G. Maze, F. D'Andrea, A. Colin de Verdiere and P. Klein
Journal of Climate
The stationary atmospheric response to an idealized sea surface temperature anomaly (SSTa) is studied with a quasi-geostrophic atmospheric model of the Southern Hemisphere. Sensitivity of the stationary response to mid-latitude SSTa location is determined and responses decomposed on vertical modes.
The SSTa almost directly forces baroclinic responses, inducing warm air anomalies 40 to 50 degrees downstream, eastward, to the SSTa. These baroclinic responses arise from an equilibrium between the SSTa-induced anomalous vortex stretching and (i) advection by the quasi-stationary flow and (ii) dissipation by high frequency eddies.

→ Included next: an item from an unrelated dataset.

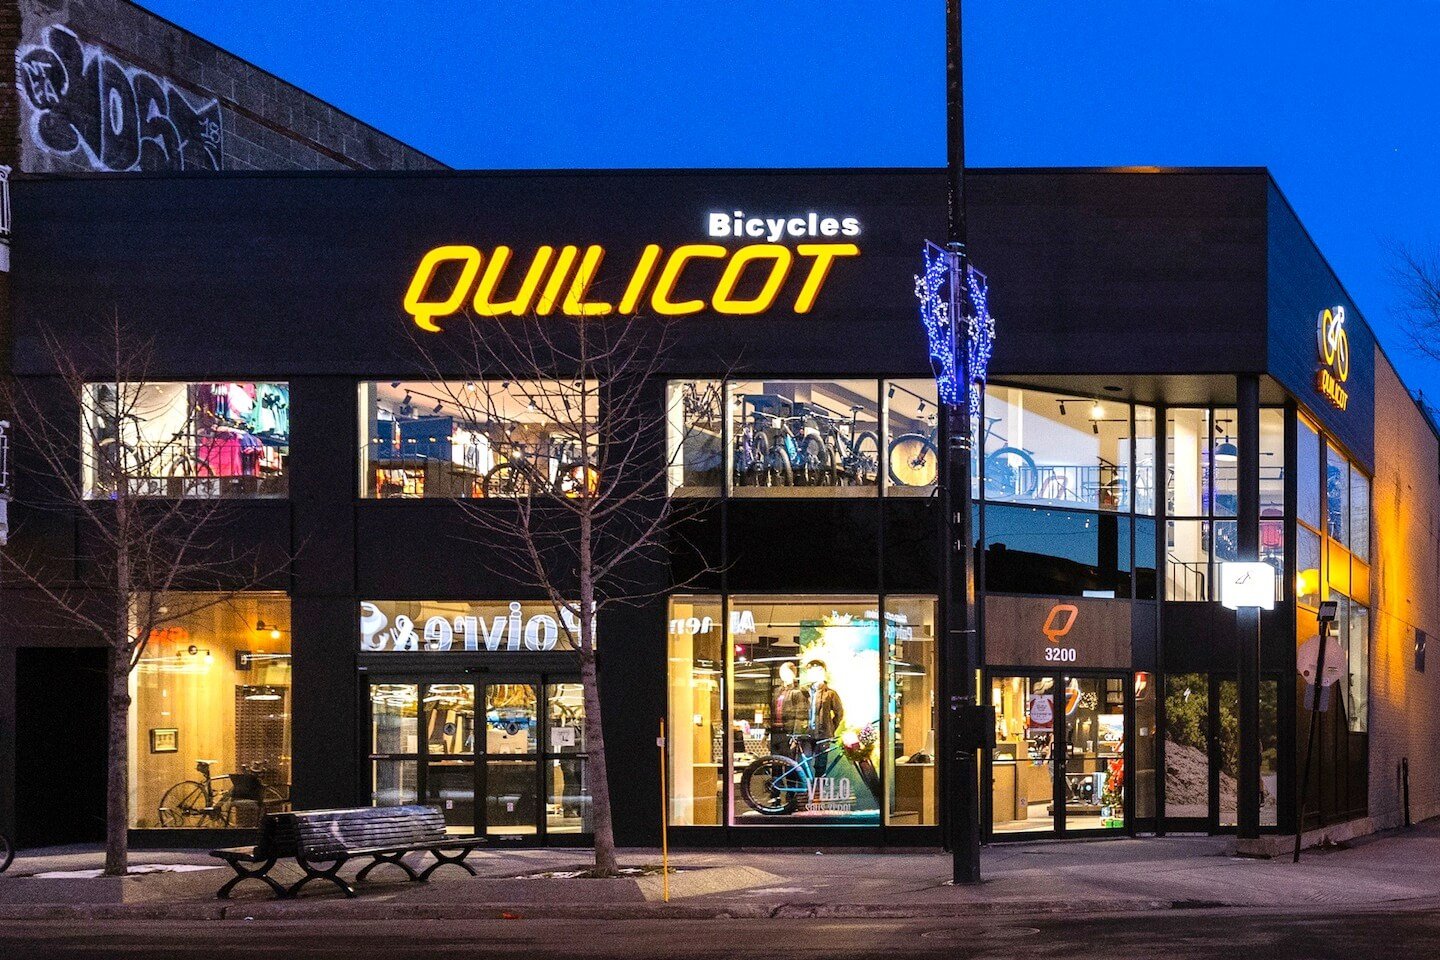 www.bicyclesquilicot.com

The barotropic response consists of a midlatitude ridge (trough) and a South Pole trough (ridge) for SSTa localized from the Drake Passage to the Western Indian ocean (from South of Australia to the center of the Pacific ocean). This response can be further decomposed into (i) a zonally asymmetric component – a quasi-stationary wave train forced by a barotropic ridge downstream of the SSTa and (ii) a zonal mean component similar to a meridional shift of westerlies and hence a Southern Annular Mode (SAM) like pattern. The former component is phase locked with the SSTa position while the latter has a phase which depends on the relative SSTa position with regard to the background quasi-stationary wave pattern. We show that the barotropic downstream ridge response is responsible for modifying the low frequency eddy-mean flow interactions through relative vorticity fluxes and inducing the bipolar projection of the zonal mean response.